有著于少年完全不似的硬朗輪廓的男子苦笑,“你以為我就舍得?”
“那混蛋分明就是要人去做人質,好牽制黑崎家,他會對夏梨好?鬼才相信!”少年語氣激烈,毫不掩飾對口中“那混蛋”的憎惡和憤懑。
誰叫這些政治鬥争居然要牽扯進他妹妹的終身幸福?
夏梨才剛剛十五歲啊!鮮花初開般的少女,怎麽能去面對那些?
“黑崎家和朽木家在未曾交惡之前,确實曾有過婚約,只是後來……彼此都默契地不提,現在人家拿著信物上門來,家裏沒有女孩兒倒也罷了……”現任兵部尚書,黑崎家當家,黑崎一心揉著眉心謂然長嘆。
青黑的眼袋,昭示著他夙夜難眠的疲憊,擺了擺手,“一護你不懂這些,我也不希望你懂,下去吧,別給我添亂了。”
一護看著男人額頭深刻的皺紋,心下震驚,為什麽從前沒有發現,父親所擔負的, 竟是這麽的沉重。

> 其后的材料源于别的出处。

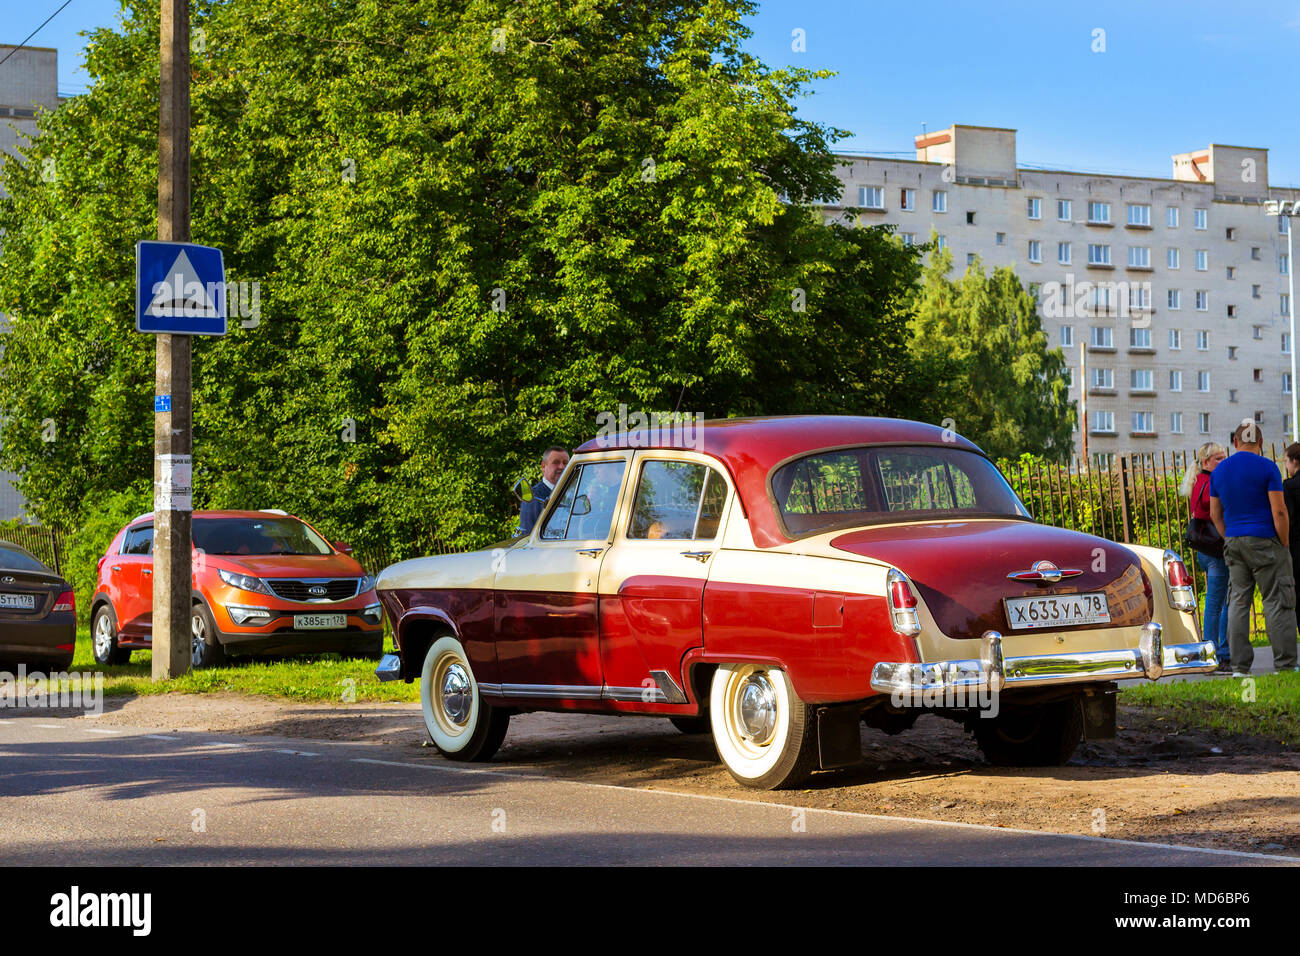 Saint-pétersbourg, Russie - septembre 1, 2017 : voiture rouge rétro soviétique Volga GAZ-21 retro rally classic Gorki. Voiture rétro russe se tient sur le côté de la ro Banque D'Images

欲言又止,少年終於沒有再說什麽,默默施禮後退出書房。
花園裏亭臺樓閣高低錯落,花木繁盛,小橋流水布置的婉轉精巧,自有種江南的詩意風致,是早年去世的母親親手設計,此刻滿園姹紫嫣紅間,飛絮如雪,蜂舞蝶忙,好一派鬧人的春光。
少年眉間卻鎖著深憂,無心欣賞。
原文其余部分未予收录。